(Records contained in a dataset)
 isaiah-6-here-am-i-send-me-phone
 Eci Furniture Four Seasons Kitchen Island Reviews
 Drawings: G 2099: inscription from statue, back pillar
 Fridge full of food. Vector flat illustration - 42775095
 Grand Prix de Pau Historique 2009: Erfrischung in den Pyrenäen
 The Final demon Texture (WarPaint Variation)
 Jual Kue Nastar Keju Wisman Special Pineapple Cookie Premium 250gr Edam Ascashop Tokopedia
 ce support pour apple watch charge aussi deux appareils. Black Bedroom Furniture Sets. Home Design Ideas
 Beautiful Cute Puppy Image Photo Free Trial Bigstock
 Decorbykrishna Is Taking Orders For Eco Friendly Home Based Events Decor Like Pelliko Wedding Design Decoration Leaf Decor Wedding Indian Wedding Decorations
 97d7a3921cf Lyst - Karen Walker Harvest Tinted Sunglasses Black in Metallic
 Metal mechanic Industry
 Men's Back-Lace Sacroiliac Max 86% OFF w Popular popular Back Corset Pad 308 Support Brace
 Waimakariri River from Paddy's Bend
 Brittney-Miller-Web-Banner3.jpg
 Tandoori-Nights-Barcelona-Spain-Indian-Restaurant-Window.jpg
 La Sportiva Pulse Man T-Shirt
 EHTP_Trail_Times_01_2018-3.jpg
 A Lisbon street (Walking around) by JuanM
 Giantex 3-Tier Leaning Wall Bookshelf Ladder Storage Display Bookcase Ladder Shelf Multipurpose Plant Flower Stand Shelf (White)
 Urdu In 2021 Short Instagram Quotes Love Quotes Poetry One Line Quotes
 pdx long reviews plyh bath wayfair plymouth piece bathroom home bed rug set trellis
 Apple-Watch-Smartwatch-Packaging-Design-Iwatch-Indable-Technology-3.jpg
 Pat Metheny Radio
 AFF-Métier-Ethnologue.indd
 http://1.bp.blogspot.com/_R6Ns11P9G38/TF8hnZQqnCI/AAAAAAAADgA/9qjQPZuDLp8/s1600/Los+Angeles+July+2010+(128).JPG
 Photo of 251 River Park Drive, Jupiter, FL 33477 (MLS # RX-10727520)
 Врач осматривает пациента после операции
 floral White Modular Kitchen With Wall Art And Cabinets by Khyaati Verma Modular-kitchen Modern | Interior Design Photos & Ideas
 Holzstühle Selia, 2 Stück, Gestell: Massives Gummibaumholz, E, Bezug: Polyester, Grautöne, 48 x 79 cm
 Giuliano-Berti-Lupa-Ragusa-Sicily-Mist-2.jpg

Problem to work on ▸ Filter the entries down to the lines that include the string "Indian".

Task result ▸
 Decorbykrishna Is Taking Orders For Eco Friendly Home Based Events Decor Like Pelliko Wedding Design Decoration Leaf Decor Wedding Indian Wedding Decorations
 Tandoori-Nights-Barcelona-Spain-Indian-Restaurant-Window.jpg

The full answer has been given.